DEP Agrees to Add 30 Days to Sewer Rule Comments
4/19/13 by Mikki Uzupes
The State Department of Environmental Protection agreed to extend the public comment period to June 3 on its draft guidance document for on-lot sewer systems in Wayne and Pike Counties, and a few other areas of the state. DEP Acting Secretary Chris Abruzzo said, “We want to make sure that everyone has a chance to be heard; we want reasonable development to be able to occur; and we want to make sure this state’s water quality is protected. The agency also announced it will host a webinar this Tuesday from 2 to 3 p.m., to present the document and answer questions. DEP will also expand its outreach and discussion efforts with local government organizations, but stopped short of setting the local public hearing requested by the Wayne County Commissioners.
The draft technical guidance outlines an approach using best management practices, such as the number of septic systems per acre on a proposed development, or nitrate removal technology, to demonstrate that the state’s most pristine waters are protected. Under Pennsylvania law, these high-quality and exceptional value watersheds are afforded special protections, known as anti-degradation requirements.
DEP is required by federal law to ensure the water quality of such watersheds is protected and maintained.
The technical guidance, as drafted, is prospective and would only apply to on-lot septic systems for projects that have not yet secured sewage planning approval from DEP and local government organizations. The technical guidance will not affect projects that have already been approved.
This technical guidance is needed because the Pennsylvania Environmental Hearing Board ruled that the modeling DEP relied on to approve the use of septic systems near high-quality and exceptional value watersheds did not adequately demonstrate the waterways are protected. The ruling set a high legal and scientific standard for review of sewage facilities planning in special protection watersheds.
It lays out one approach to address developers’ uncertainty. If it is finalized, DEP will favorably view planning modules submitted in accordance with the guidance and will also consider alternative approaches as sewage planners seek approval from the agency.
Written comments on the guidance should be sent in writing by June 3 to Thomas Starosta at DEP’s Bureau of Point and Non-Point Source Management, Division of Planning and Permits, P. O. Box 8774, Harrisburg, PA 17105-8774, or via email to firstname.lastname@example.org.
For more information or to register for the webinar, visit www.dep.state.pa.us and click the “DEP Webinars” button, then “Draft Technical Guidance for On-lot Sewage Systems in HQ/EV” on the right-hand side of that page. The webinar will be recorded and posted on this webpage for future viewing.
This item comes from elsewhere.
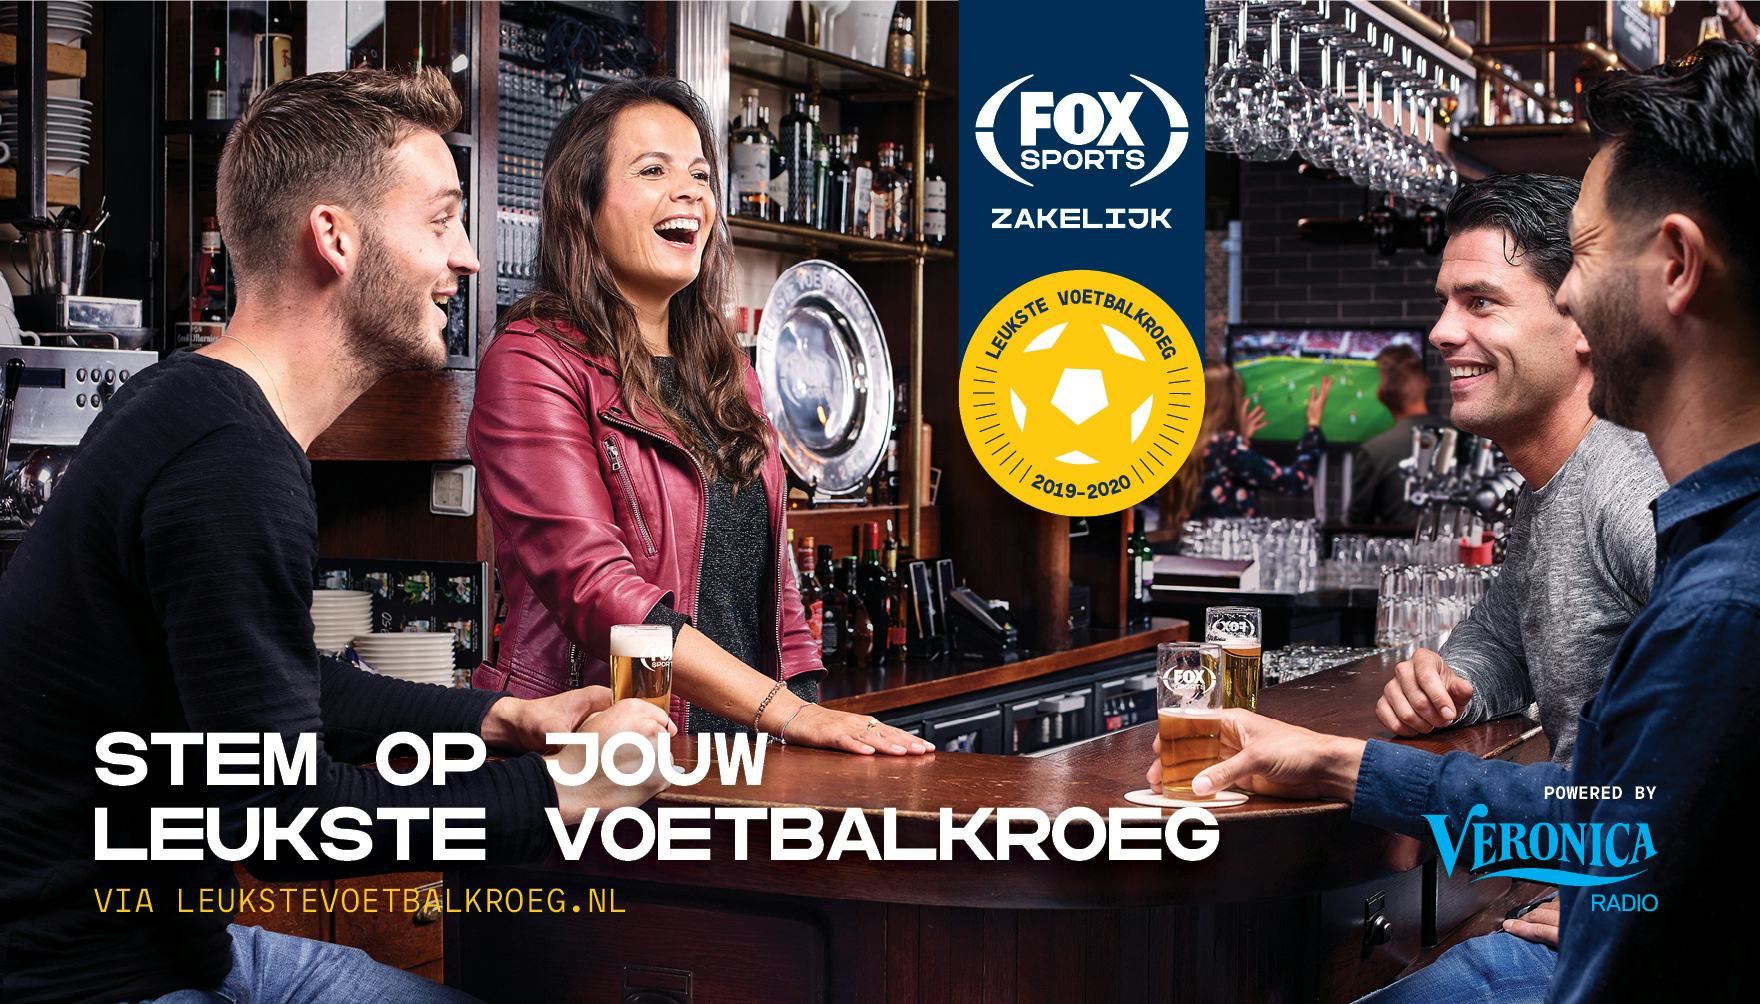 Fox Sports, KHN en Veronica zoeken 'Leukste Voetbalkroeg Nederland'

Local Legislators, Other Call for Sewer Policy Hearing
4/11/13 by Mikki Uzupes
Area legislators and others from across the state have asked Gov. Tom Corbett and Acting Department of Environmental Protection Secretary Christopher Abruzzo to delay implementation of new regulations aimed at reducing nitrate levels for on-lot sewage systems until public hearings can be held to receive community input on the matter. Sen. Lisa Baker’s Chief of Staff Jennifer Wilson says residents in the region have worked hard to preserve the clean water, as the environmental value of protected waterways is paramount to an economy based on recreational tourism. Community leaders fear that the cost of meeting these proposed new restrictions will be highly prohibitive, crippling the development of new housing communities, prohibiting existing businesses from expanding and making new commercial construction nearly impossible.
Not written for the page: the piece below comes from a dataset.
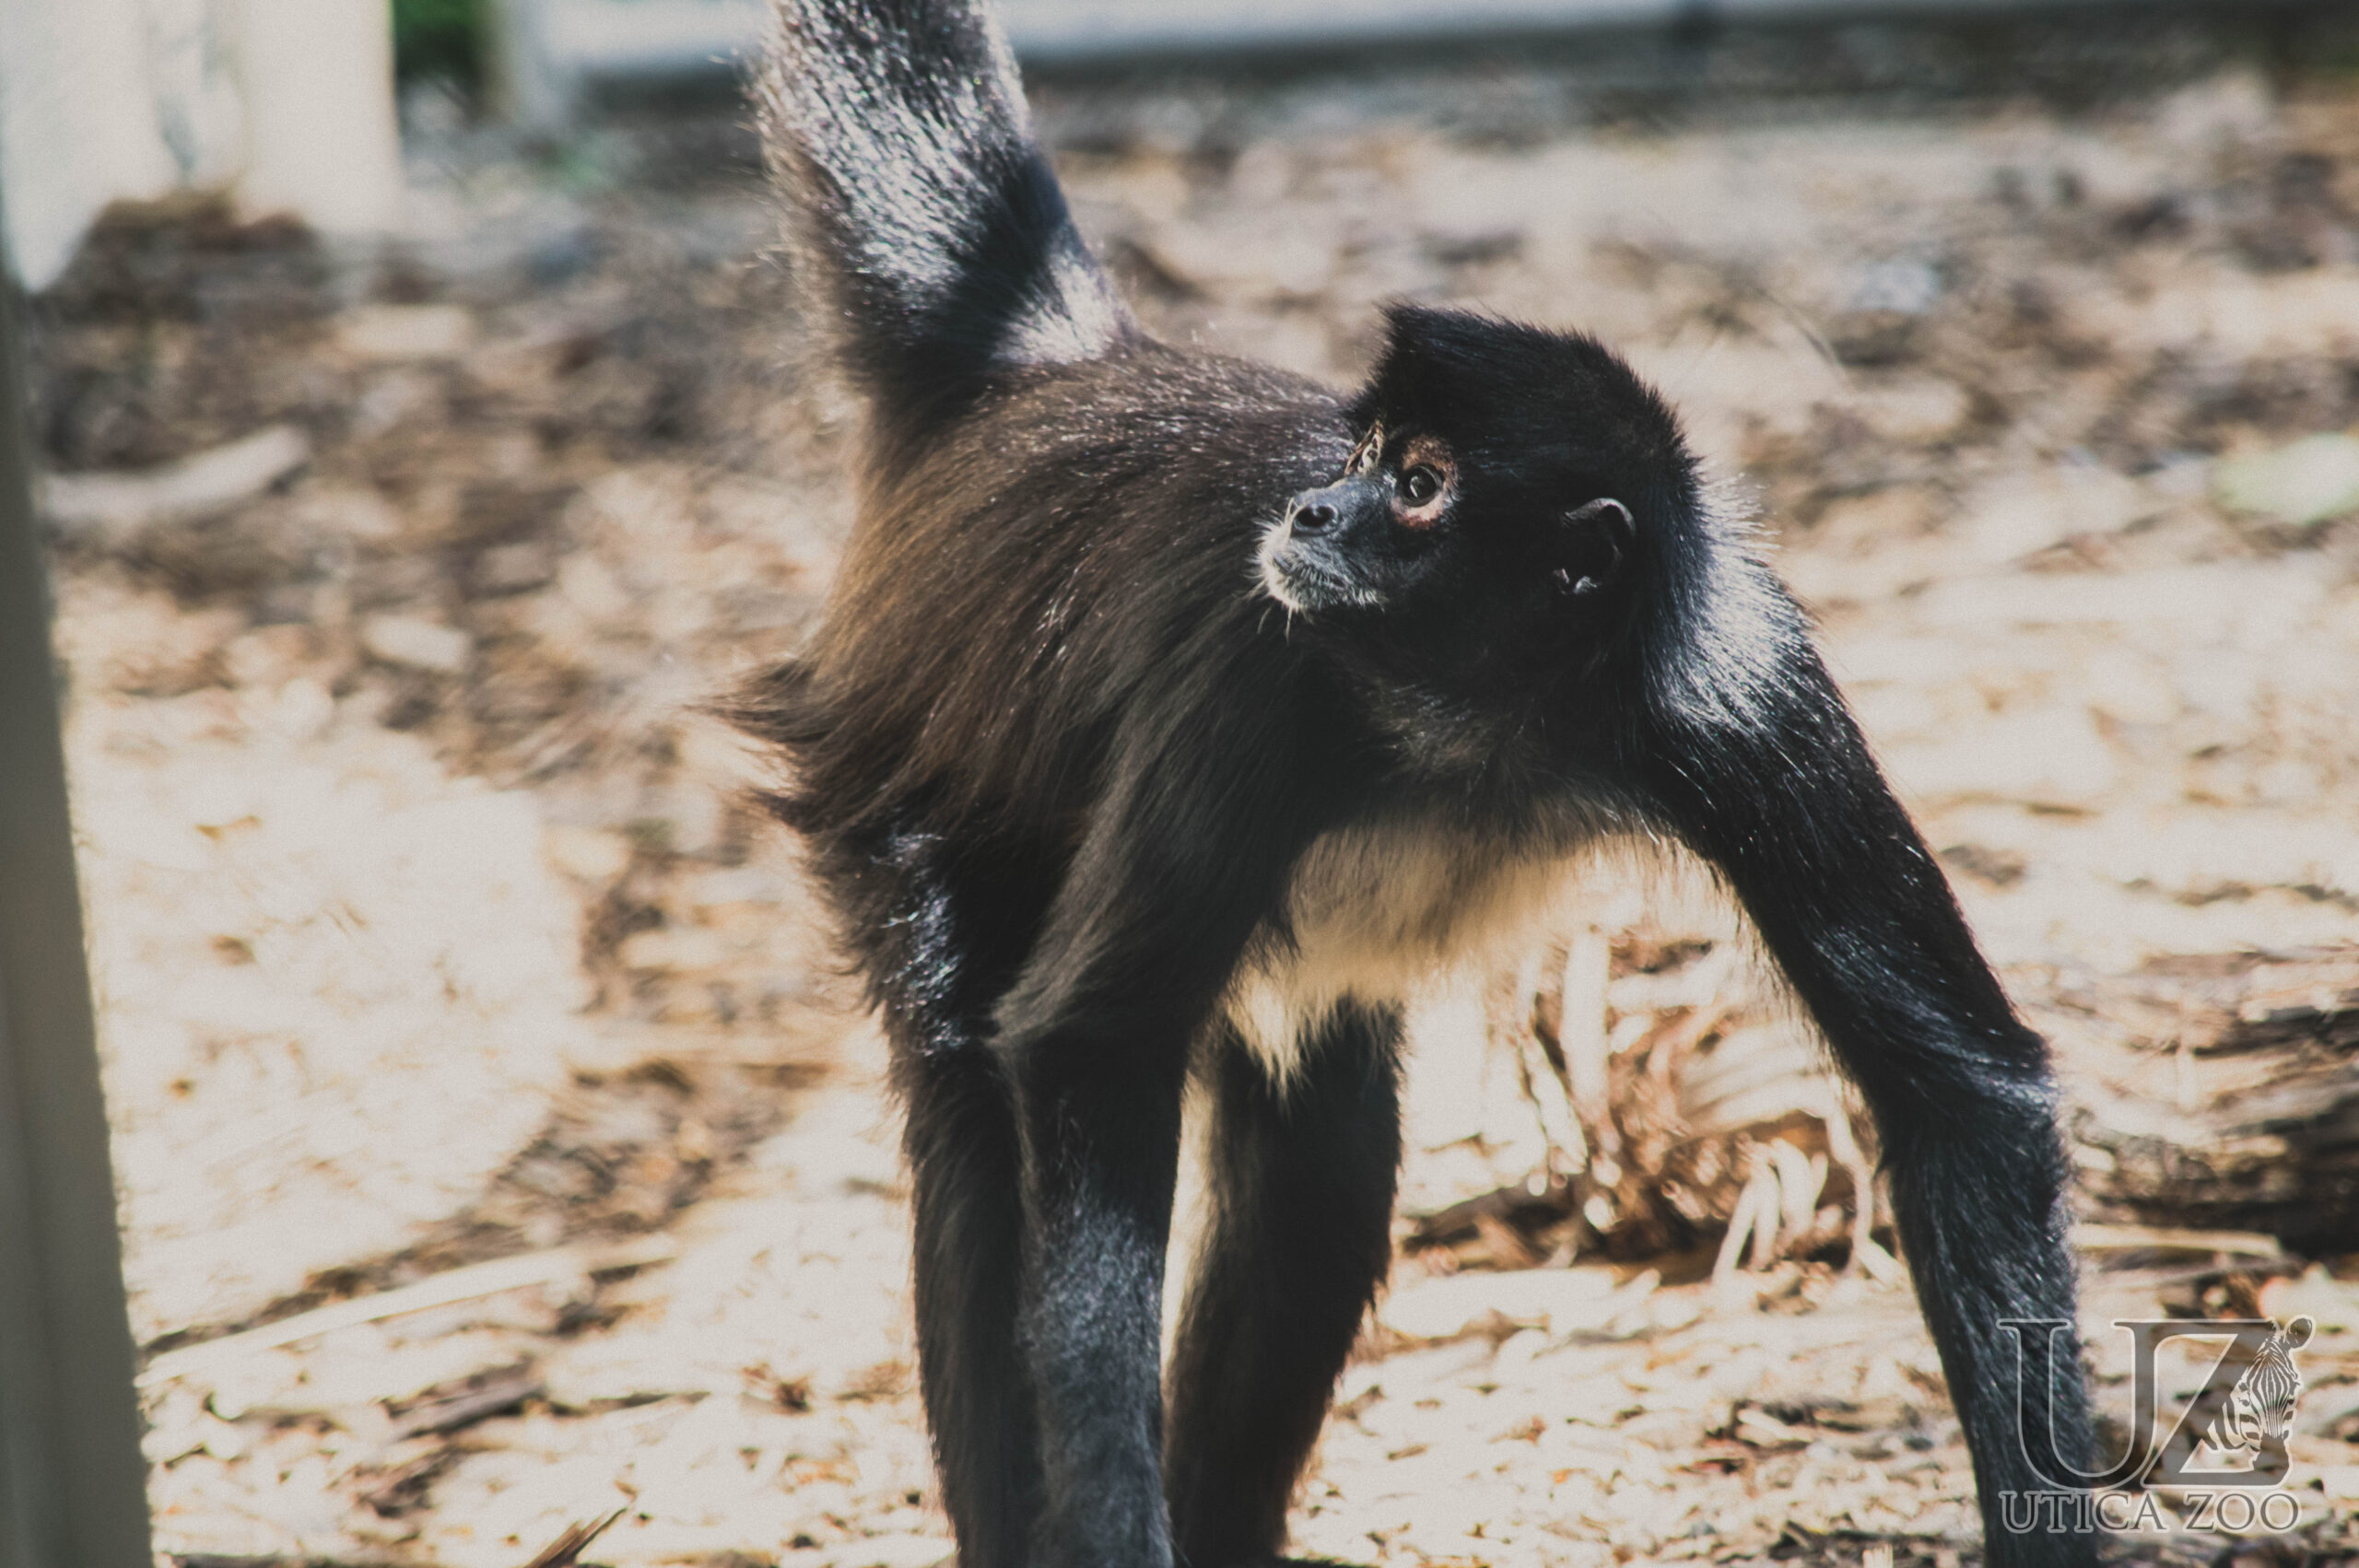 Mexican Spider Monkey – Utica Zoo

This call for public hearings came after local elected officials, small business owners, farmers, tourism groups, real estate professionals, and landowners from across Monroe, Pike and Wayne counties expressed their concerns about the proposed policy. The change would apply to new or replacement residential or commercial on-lot system installations located in High Quality or Exceptional Value watersheds.
Sewage enforcement officers and county planners have asserted that the proposed DEP policy offers an unreasonable approach to water quality protection and fails to utilize science-based techniques. Their analysis includes several studies conducted in northeastern Pennsylvania that show that water quality has improved over the past several decades.
They also point to a lack of increased nitrates surface and groundwater, despite an increase in residential and commercial development within special protected watersheds.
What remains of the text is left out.